Record extracts —

[Start of Attachment]

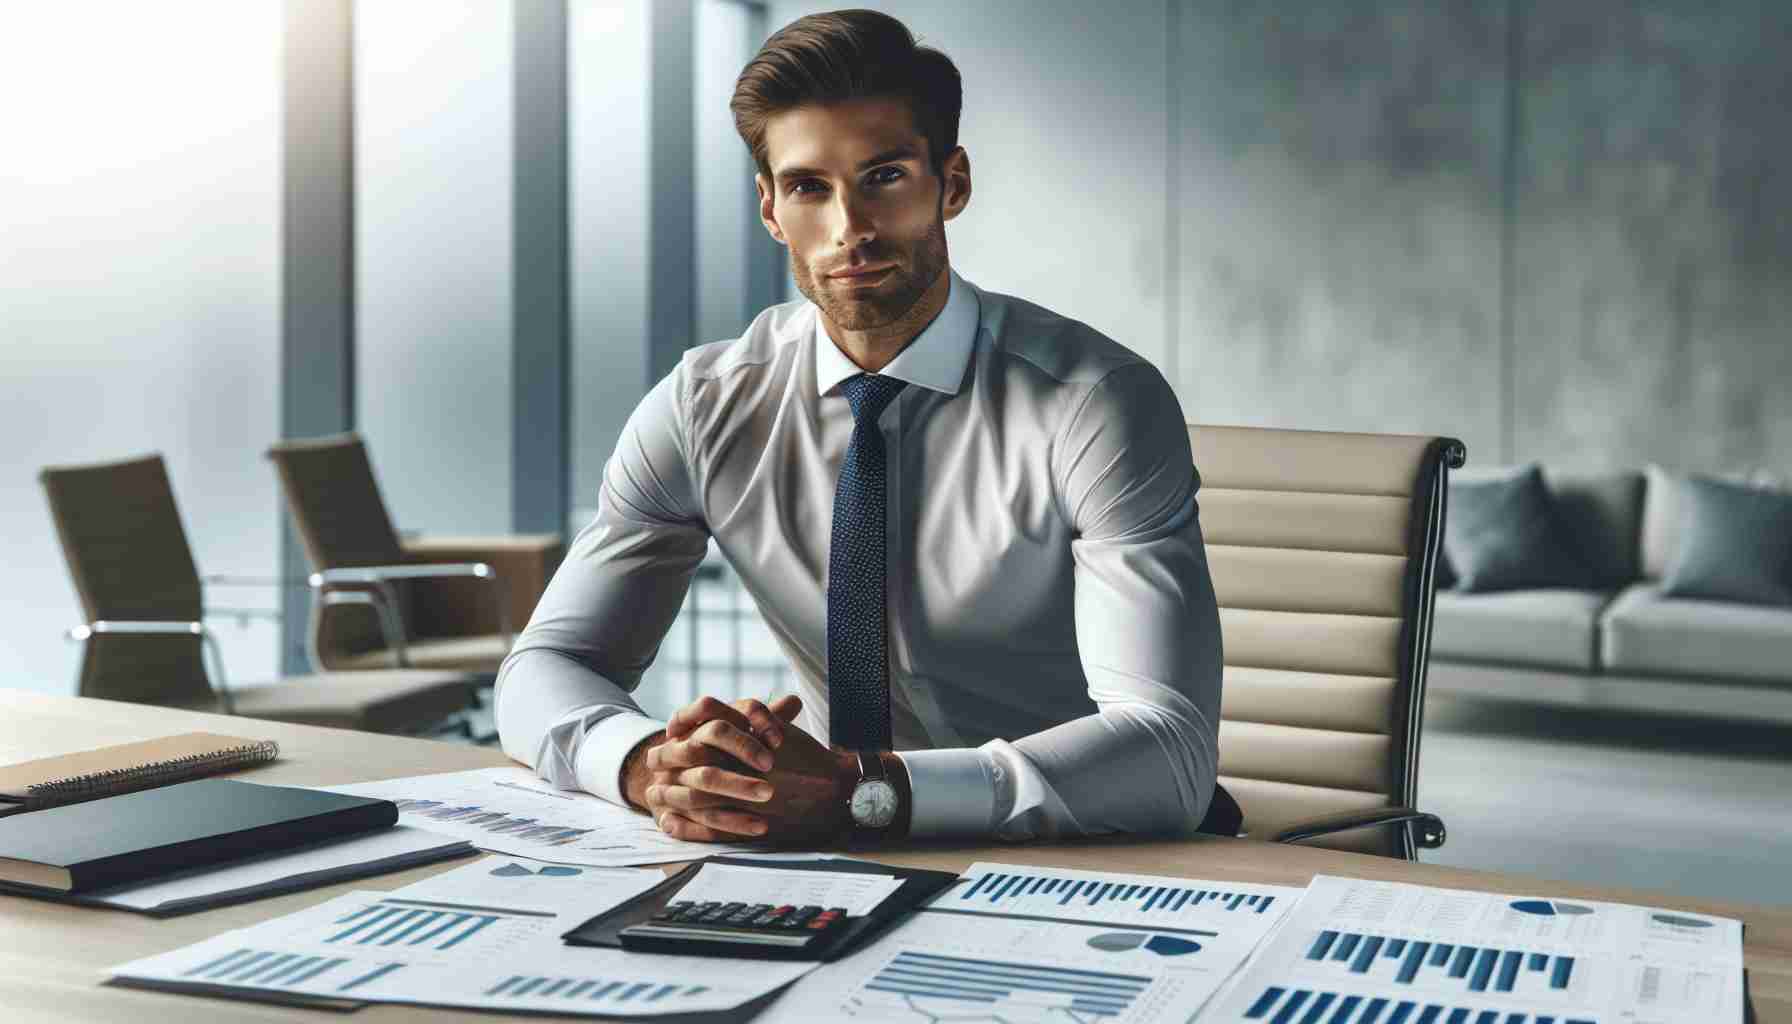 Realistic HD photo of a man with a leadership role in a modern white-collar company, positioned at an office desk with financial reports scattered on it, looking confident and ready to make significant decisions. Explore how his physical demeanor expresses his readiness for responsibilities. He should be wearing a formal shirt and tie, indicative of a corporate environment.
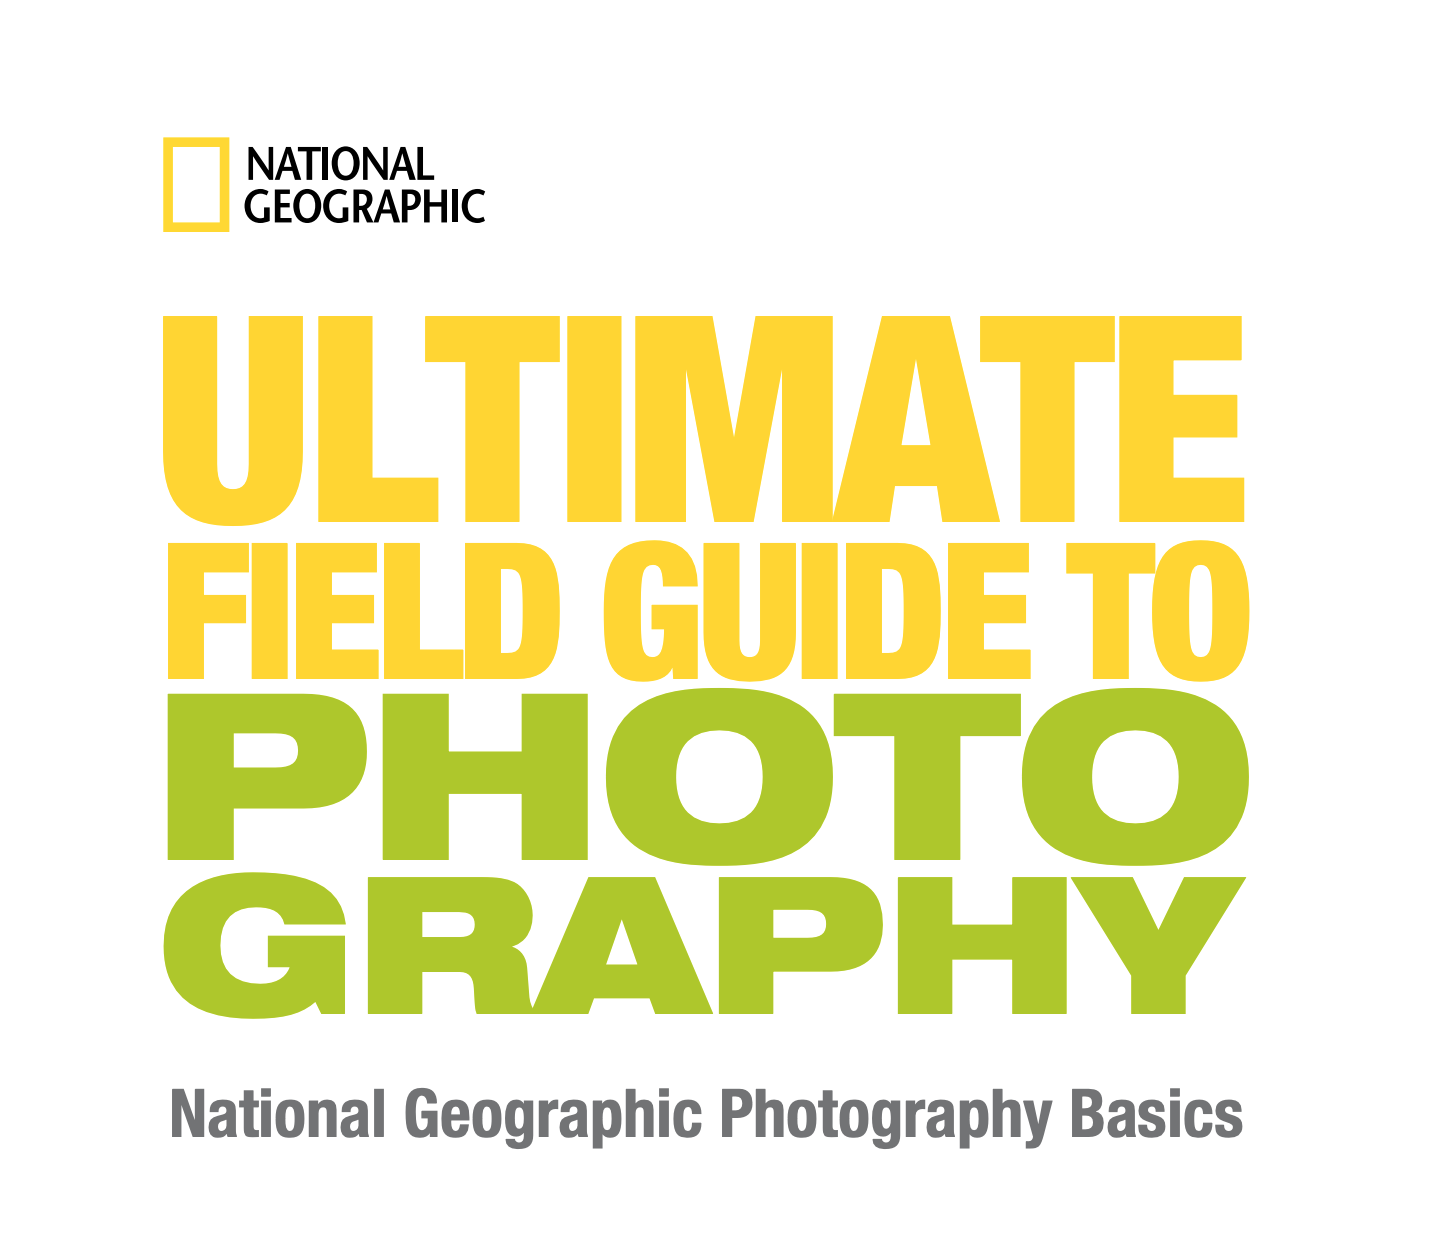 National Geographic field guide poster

[End of Attachment]
[Start of Attachment]

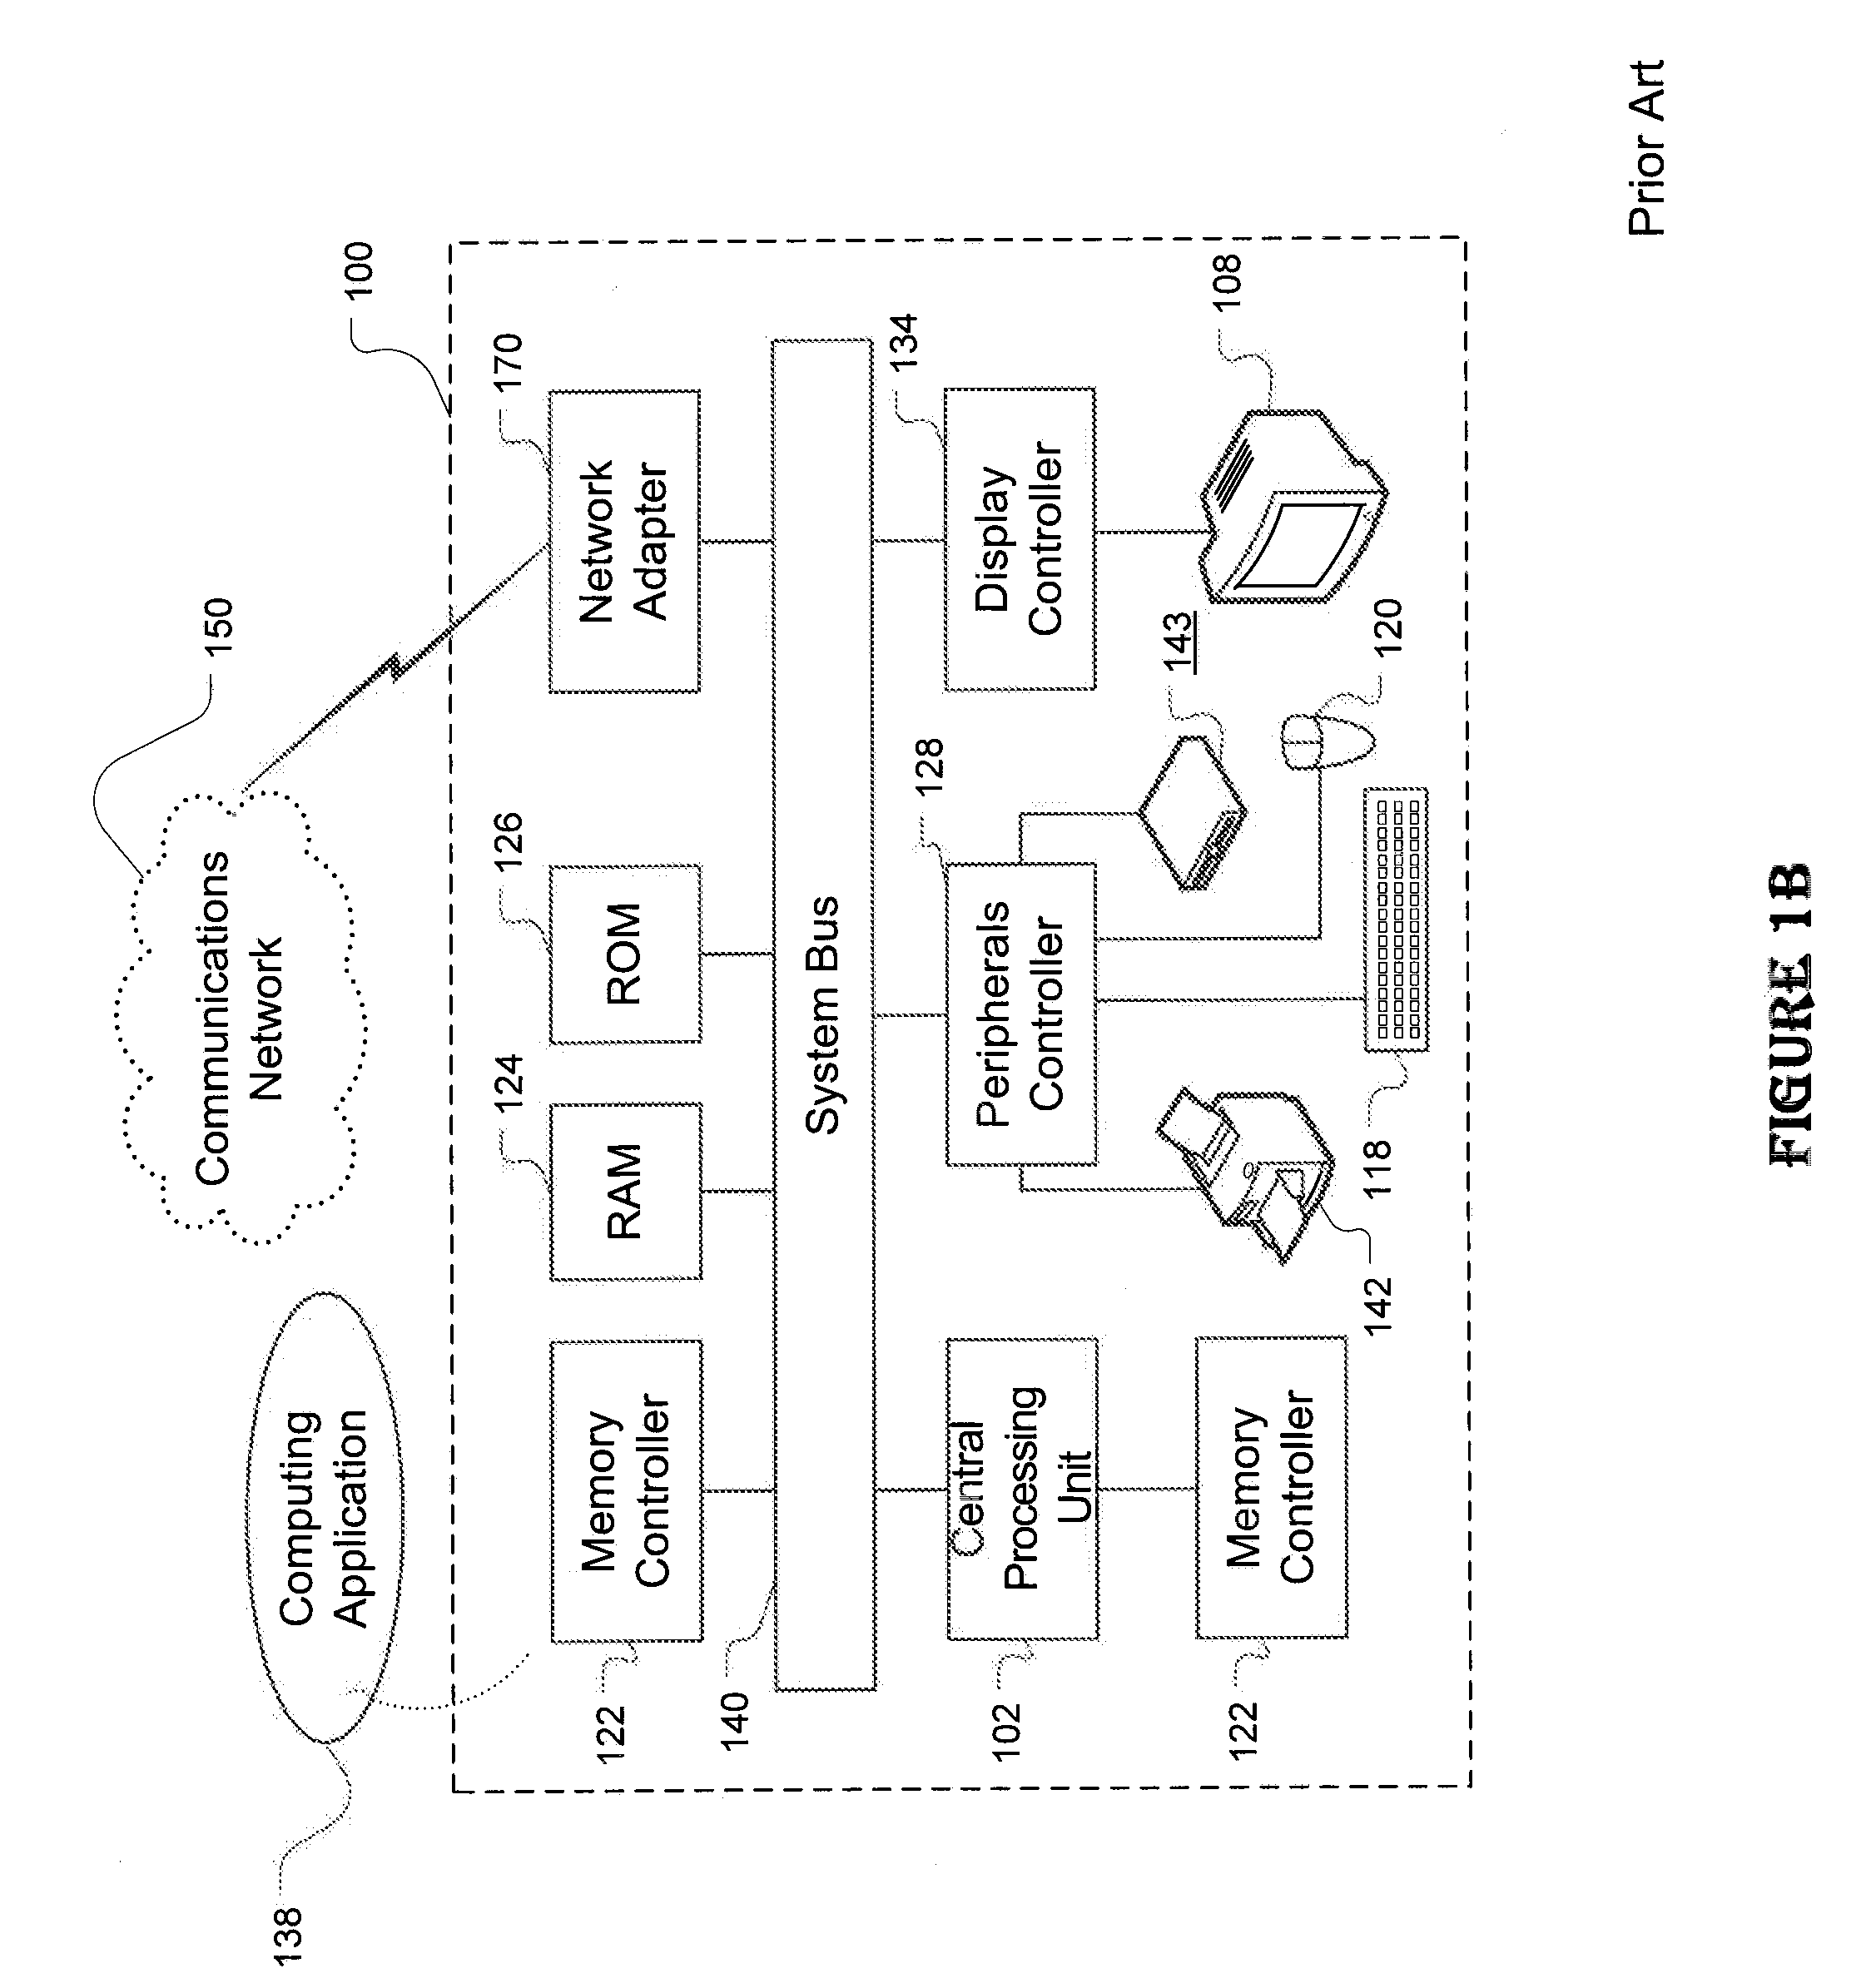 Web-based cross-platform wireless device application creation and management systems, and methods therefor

[End of Attachment]

For this exercise, return exactly the lines above from the line with "Realistic HD photo" through the line with "National Geographic field guide poster", both included. Do not copy the pictures.

Exercise solution —
 Realistic HD photo of a man with a leadership role in a modern white-collar company, positioned at an office desk with financial reports scattered on it, looking confident and ready to make significant decisions. Explore how his physical demeanor expresses his readiness for responsibilities. He should be wearing a formal shirt and tie, indicative of a corporate environment.
 National Geographic field guide poster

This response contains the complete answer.